More and more evidence shows that cancer and autoimmune diseases can have a causal or correlative relationship, with the development of one creating a greater risk for the development of the other in the same patient [
19,
77,
78,
79,
80,
81,
82,
83,
84,
85]. The rise in co-occurrence risk suggests that the two diseases likely share some underlying causes and common mechanisms, such as chronic inflammation [
85]. Though inflammation is classically activated by infection or injury, other causes exist, including underlying tissue malfunction, which induces para-inflammation as the body attempts to return to homeostasis [
86]. Para-inflammation has previously been implicated as the cause of chronic inflammatory conditions, including cancer and autoimmune disease [
86]. The rising occurrence of chronic inflammatory diseases and their co-incidence justifies a new research approach: finding, characterizing, and modifying the shared underlying disease pathologic mechanisms.

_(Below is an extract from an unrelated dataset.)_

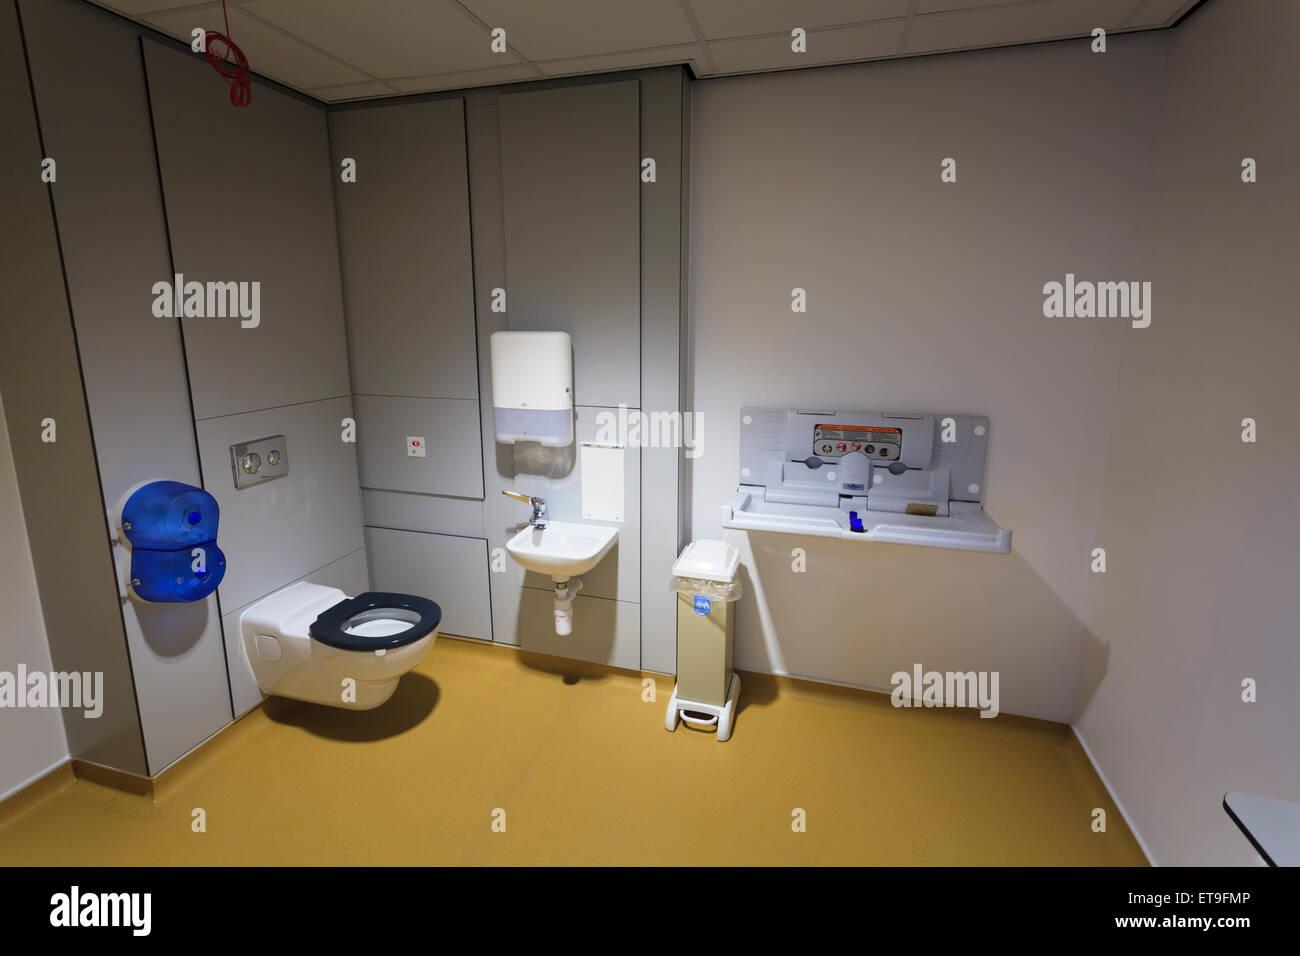 Bâtiment commercial avec toilettes fixée au mur à plat à l ...

Among novel disease target candidates for antagonists in both lupus and lymphoma patient treatments are Complement C1qB Chain (C1QB, C+A+ quadrant), Interferon Alpha Inducible Protein 27 (IFI27, C+A+ quadrant), Insulin Like Growth Factor Binding Protein 2 (IGFBP2, C+A+ quadrant), and Transcobalamin 2 (TCN2, C+A+ quadrant). Each is a good candidate for knock-down treatment in pathogenic lupus and lymphoma cells due to their known involvement in lupus and lymphoma progression via overexpression, although care should be taken to minimize adverse events with these potential targets. Increased C1QB expression decreases the effectiveness of combined Ibrutinib and Venetoclax in patients with Mantle-Cell lymphoma (a B-cell lymphoma) and is associated with a worse prognosis [
68]. High IFI27 expression has been shown to drive cell proliferation and to spark B-cell lymphomagenesis [
72] and is a biomarker of B-cell cancer progression [
73]. IFI27 is part of the Interferon-I signature assessment used to determine SLE subtype during the process of lupus diagnosis [
87] and is a known SLE biomarker [
74]. Additionally, targeting and neutralizing IGFBP2 (C+A+ quadrant) as a lupus nephritis biomarker shows potential as a new option in treating patients with lupus nephritis, an advanced complication of SLE targeting the kidneys with few workable treatments [
88,
89]. TCN2 may be a predictive biomarker in primary large B-cell lymphoma of immune-privileged sites, making it a good early target to prevent metastasis [
90].
A subset of potential agonistic targets could benefit patients due to their significant downregulation in both lupus and lymphoma B-cells. However, very little is known about many of these significant IIT genes (located in Quadrant III) in the context of lupus and lymphoma B-cells. OTUD1 has been shown to repress type-I interferon-mediated disease, which includes lupus, in vivo [
91] and to have loss-of-function in SLE [
92], suggesting the promise of treatments that increase the activity of OTUD1 in lupus B-cells. Transmembrane Anterior Posterior Transformation 1 (TAPT1, C-A- quadrant), and Proline Rich Nuclear Receptor Coactivator 1 (PNRC1, C-A- quadrant) are novel results which, as underlying mechanistic genes shared by lupus and lymphoma, could be leveraged as possible therapeutic targets.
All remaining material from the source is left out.